Door dit werk krijgt Julien een heel ander Amerika te zien. Hij beseft dat hij met zijn verblijfspapieren en mooie appartement niets te klagen heeft. Simone leeft in een andere wereld en kan zich nauwelijks iets voorstellen bij wat Julien haar vertelt. Schrijnend is het contrast tussen rijk en arm. Julien wordt in een luxe auto van vrienden opgehaald om naar een feest te gaan, Rui moet lopend naar zijn werk.
De enige andere 'vaste' medewerker is Andy, die niet van de drank af kan blijven en daardoor om de zoveel tijd de gevangenis in gaat vanwege de ravage die hij met drank op veroorzaakt.
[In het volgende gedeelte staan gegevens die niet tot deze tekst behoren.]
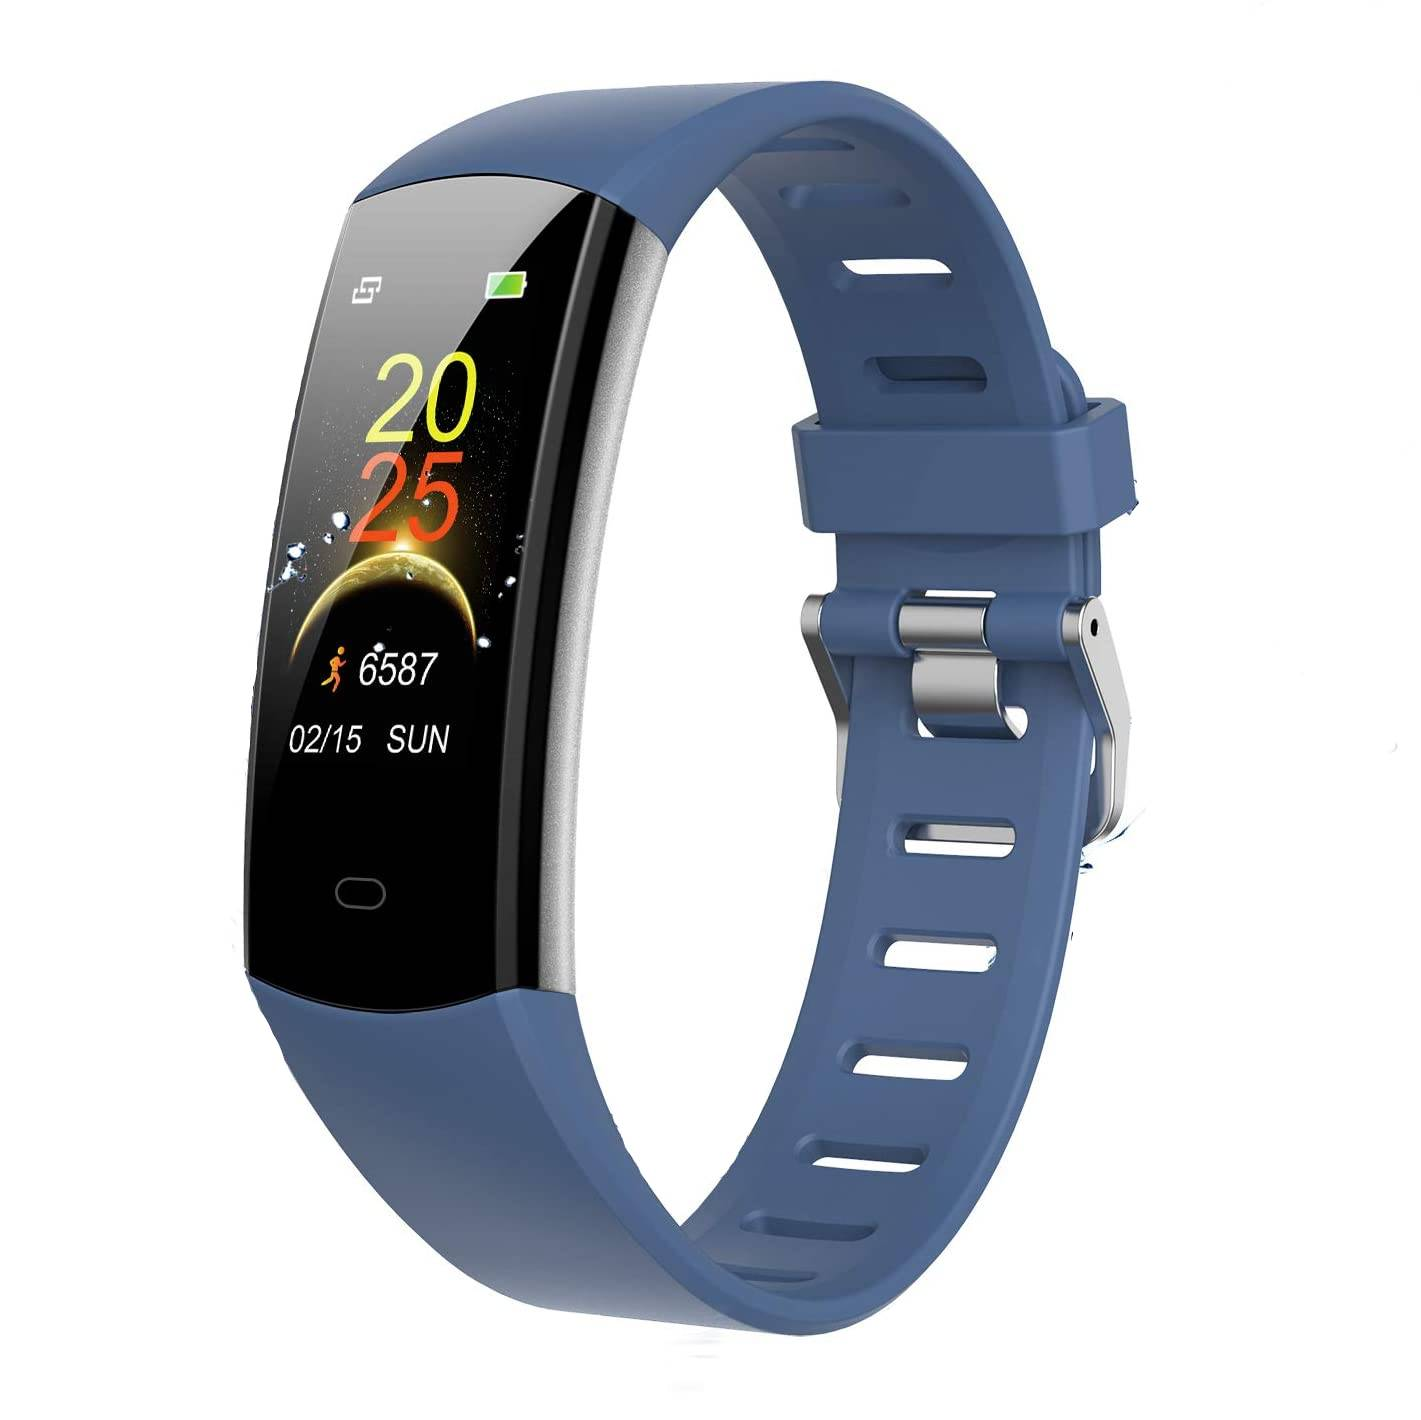 BINGOFIT SLIM - Best Fitness Tracker For Kids

Ook aan Andy worden verder geen vragen gesteld. Rui en Julien doen hun werk en dat is het.
Thuis schrijft Julien zijn gedichten en stuurt ze op naar uitgevers maar ze worden nergens geaccepteerd. Verder probeert hij Spaans te leren om beter contact met Rui te krijgen. Julien voelt zich een buitenstaander in de pizzatentwereld. De illegalen hebben gelijk hele gesprekken en wisselen binnen de kortste keren adressen en telefoonnumers uit.
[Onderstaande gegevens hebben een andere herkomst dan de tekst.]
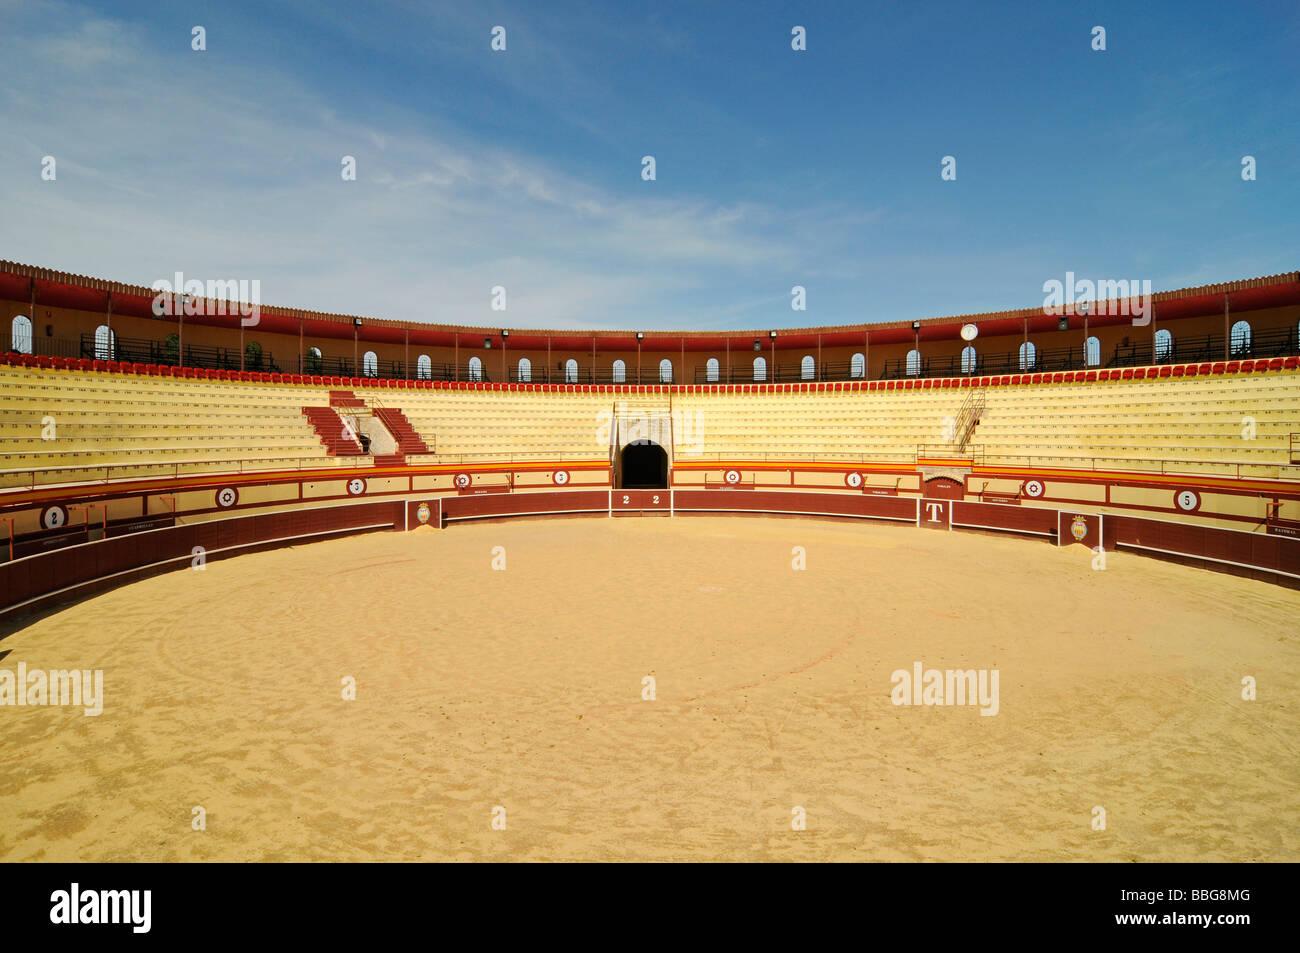 Bullring, bullfighting, arena, Monovar, Alicante, Spain, Europe - Stock Image

"Soms komt er zo'n compañero in de zaak, vraagt mij in z'n beste Engels of die of die er ook is, ik zeg sorry die ken ik niet, maar als ik dan op het werkrooster kijk zie ik dat er inderdaad gisteren iemand heeft gewerkt die zo heet. Werkt hier dus een dag en heeft nu al vrienden gemaakt, is nu al een van hen. Ze hokken samen, ze zoeken elkaar op, ze wisselen onderling de nieuwste Mexicaanse muziek-dvd's uit, en geef ze eens ongelijk."

Langzamerhand begint Amerika en de Amerikanen Julien steeds meer tegen te staan. Ze zijn nep, fake met hun zogaamde beleefdheid, hun volgevreten lijven en standaardzinnen.

"Zo beleefd, zo correct, zo braaf is iedereen hier. Zo onuitstaanbaar verschrikkelijk braaf. Er is niet eens een woord voor, of het moet 'good' zijn. Het is hier hetzelfde, braaf staat gelijk aan goed. Hebben jullie allemaal je fietshelm op kindertjes? En drinken jullie geen alcohol voor je eenentwintig bent? Praten wij over de zwarte bevolking van dit land, dan zeggen wij African Amerikans, dat hoort zo, dat is correct, al zou tachtig procent van die mensen Afrika niet eens kunnen aanwijzen op de wereldkaart, nog geen vijf landen van dat continent kunnen noemen. Zo braaf.[...]

"De hele dag door zeggen wij sorry en thank you en excuse me, al is het nergens voor nodig en al betekent het daardoor ook eigenlijk niks meer. Gewoonte.[...]
En zoiets vertel ik dan, en dan is het van o o o die Julien, wat een ondeugende rakker die man van jou Semóón, we zullen hem die bluntheid maar vergeven omdat ie uit Europa komt [...]"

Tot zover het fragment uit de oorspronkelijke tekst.